3. Purpose and legal basis
| Purpose | Legal basis (GDPR) |
|---|---|
| Processing your order and delivery | Performance of contract (Art. 6(1)(b)) |
| Payment processing | Performance of contract (Art. 6(1)(b)) |
| Customer service and warranty handling | Performance of contract (Art. 6(1)(b)) |
| Statutory retention (tax, accounting) | Legal obligation (Art. 6(1)(c)) |
| Newsletter and marketing emails | Consent (Art. 6(1)(a)) |
| Post-purchase review requests | Legitimate interest (Art. 6(1)(f)) |
| Fraud prevention and site security | Legitimate interest (Art. 6(1)(f)) |
| Analytics and site optimisation | Consent (Art. 6(1)(a)) |
| Personalised advertising | Consent (Art. 6(1)(a)) |
4. Who we share data with
We never sell your data. We share it only with the following categories of processors, strictly for the purposes listed above:
- Shopify Inc. – hosting, checkout and order processing
- Payment providers – Mollie, Klarna, PayPal, Shop Pay
- Carriers – PostNL, DHL, DPD and comparable couriers (for delivery)
- Email marketing – Klaviyo (newsletter and transactional emails)
- Review platform – Judge.me
- Analytics and advertising partners – Google (Analytics, Ads), Meta (Facebook, Instagram), TikTok – only with your consent
- Accountant / bookkeeper – for tax and administrative obligations
- Legal authorities – where legally required
Data Processing Agreements under Art. 28 GDPR are in place with every processor.

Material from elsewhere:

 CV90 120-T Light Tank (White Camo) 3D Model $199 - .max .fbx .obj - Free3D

5. Transfers outside the EU
Some of our processors (including Shopify, Google, Meta, TikTok) are based in the United States. Transfers take place exclusively on the basis of:
- the EU-US Data Privacy Framework (for certified parties), or
- the European Commission’s Standard Contractual Clauses (SCCs), supplemented by appropriate technical and organisational measures.
6. Retention periods
| Data | Retention |
|---|---|
| Order and invoice data | 7 years (statutory tax retention) |
| Account data | As long as the account is active + 12 months |
| Newsletter subscription | Until you unsubscribe |
| Contact form / email correspondence | 24 months after last contact |
| Analytics data | Maximum 14 months |
| Cookies | See cookie policy |
7. Cookies
We use functional, analytical and marketing cookies. Functional cookies are required for the site to work and are always set. Analytical and marketing cookies are only placed after your consent through the cookie banner. You can change your preferences at any time through the “Cookie settings” link at the bottom of the site.
8. Your rights
Under the GDPR you have the right to:
- Access – know what data we hold about you
- Rectification – have inaccurate data corrected
- Erasure – have your data deleted (“right to be forgotten”)

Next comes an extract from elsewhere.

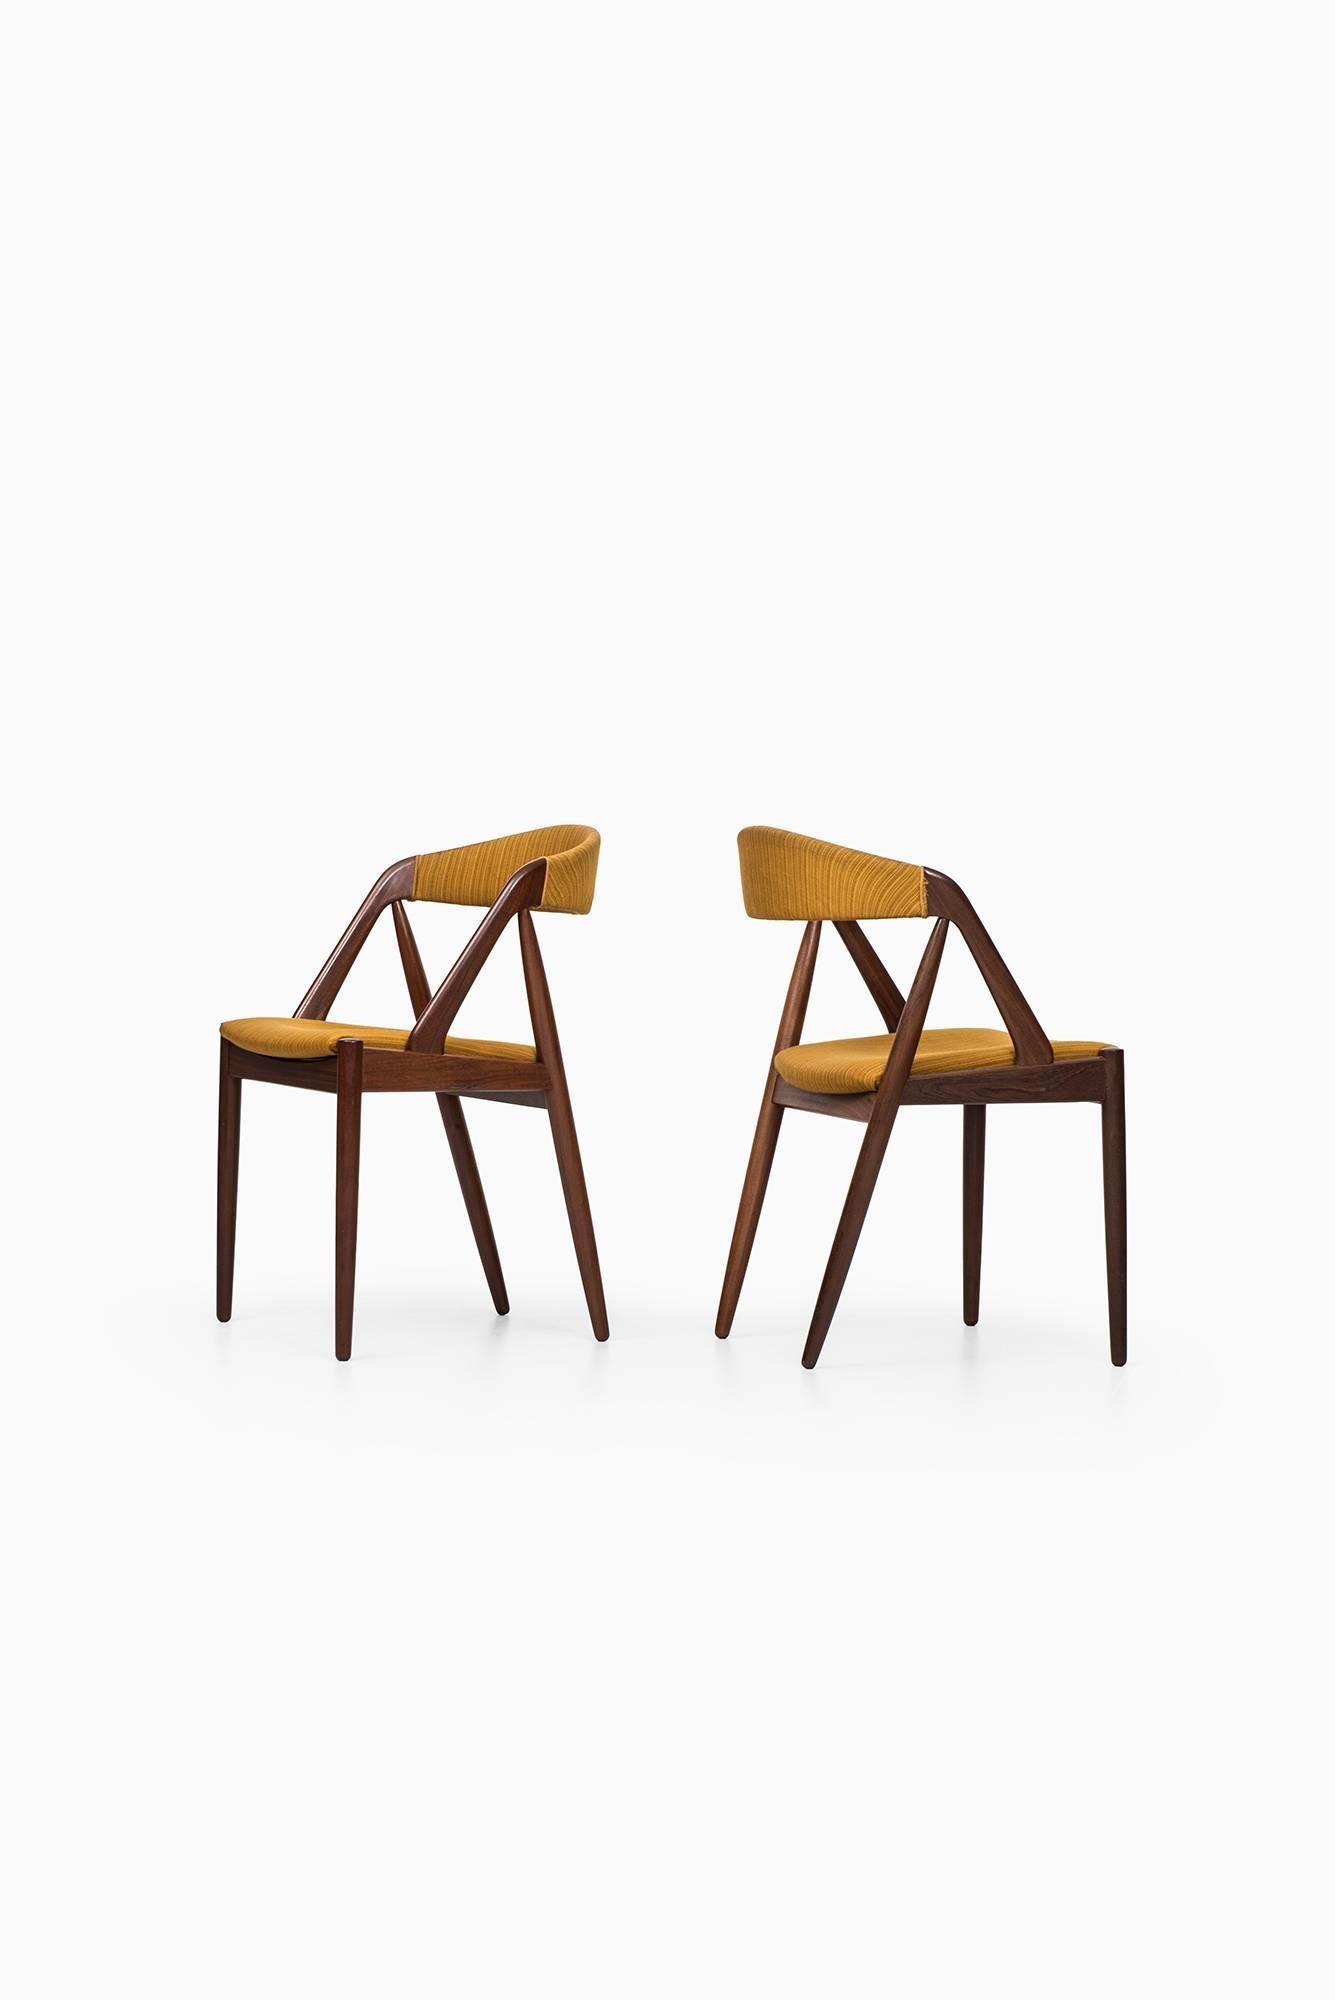 Mid-20th Century Kai Kristiansen Dining Chairs by Schou Andersen in Denmark

- Restriction – have processing temporarily stopped
- Object – object to processing based on legitimate interest
- Portability – receive your data in a machine-readable format
- Withdraw consent – at any time, with effect going forward
- Lodge a complaint with the Dutch Data Protection Authority (autoriteitpersoonsgegevens.nl) or the supervisory authority in your country of residence
Send any request to info@stoneybracelets.nl. We will respond within 30 days. We may ask for additional identification to verify your request.
9. Security
We apply appropriate technical and organisational measures to protect your data, including SSL encryption, role-based access control, strong passwords, and the use of PCI-DSS-certified payment providers.

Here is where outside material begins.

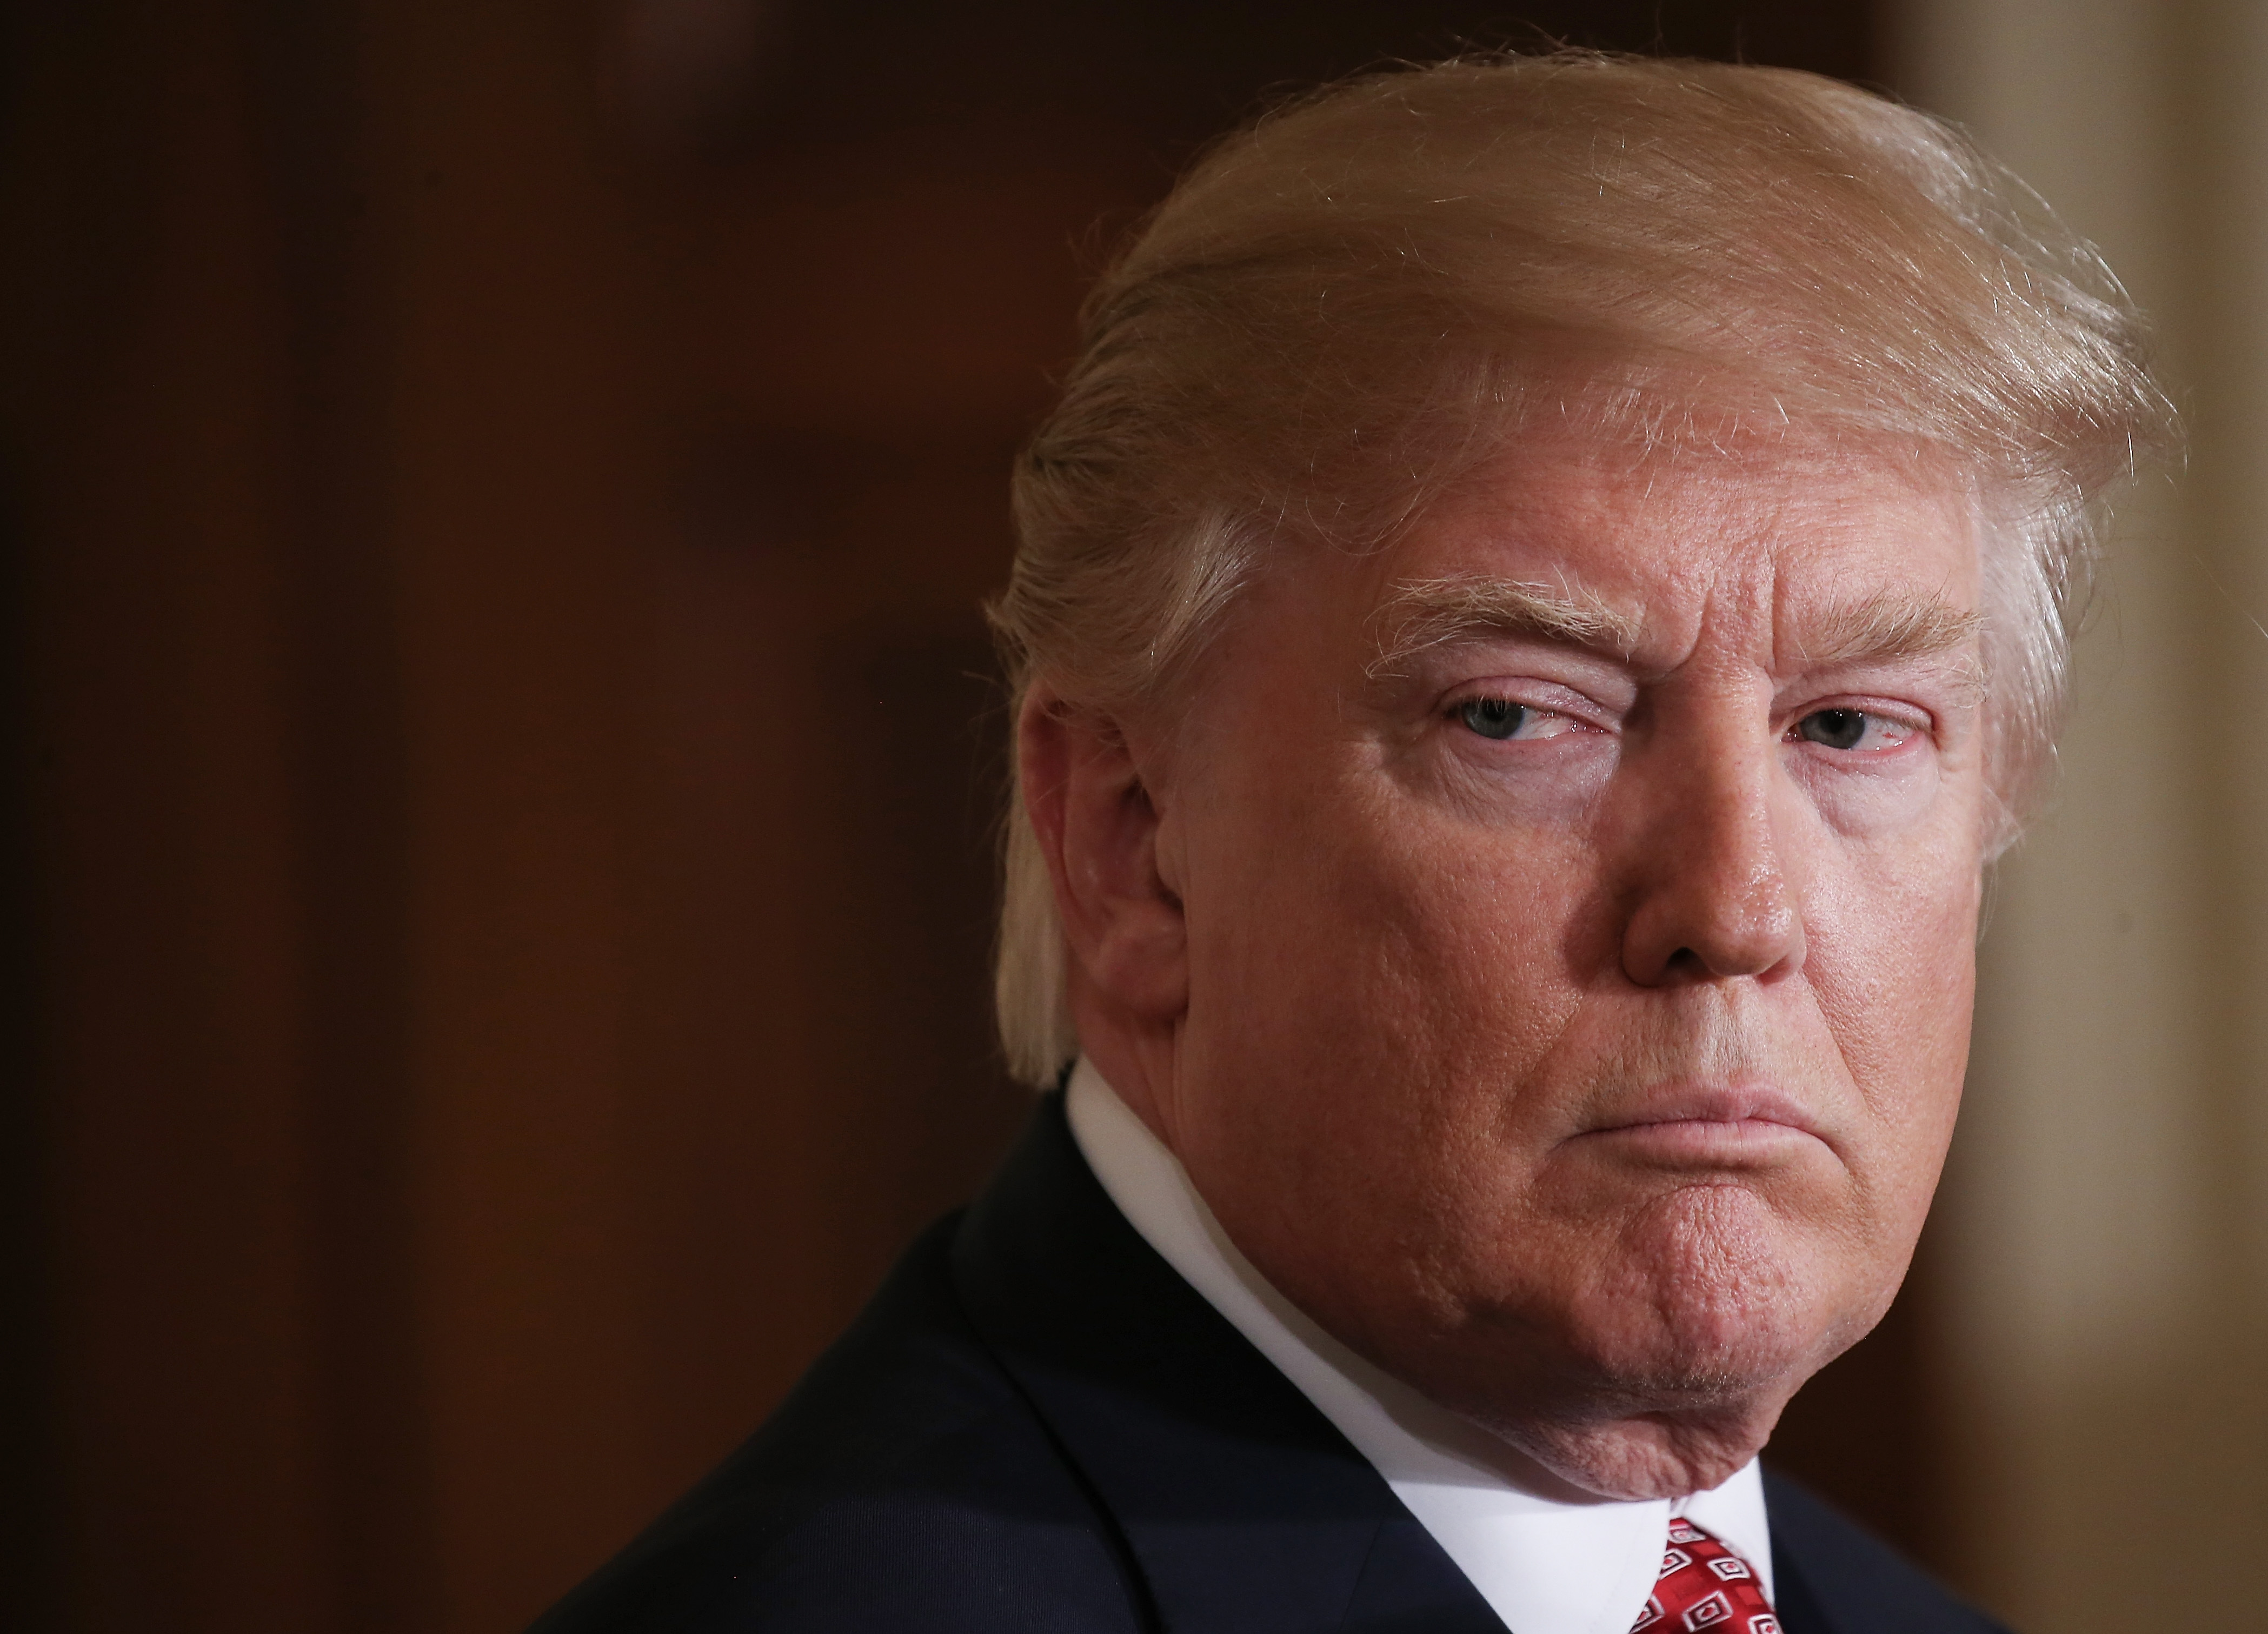 El presidente Trump apenas tiene un 40 por ciento de aprobación, según Gallup. (Crédito: Mario Tama/Getty Images)

10. Automated decision-making
We do not make decisions with legal or similarly significant effects based solely on automated processing or profiling.
11. Minors
We do not target individuals under 16 and do not knowingly process children’s data without parental or guardian consent.
12. Changes
We may update this policy. The current version is always available on this page with the date shown at the top. We will actively notify you of material changes by email or by a notice on the site.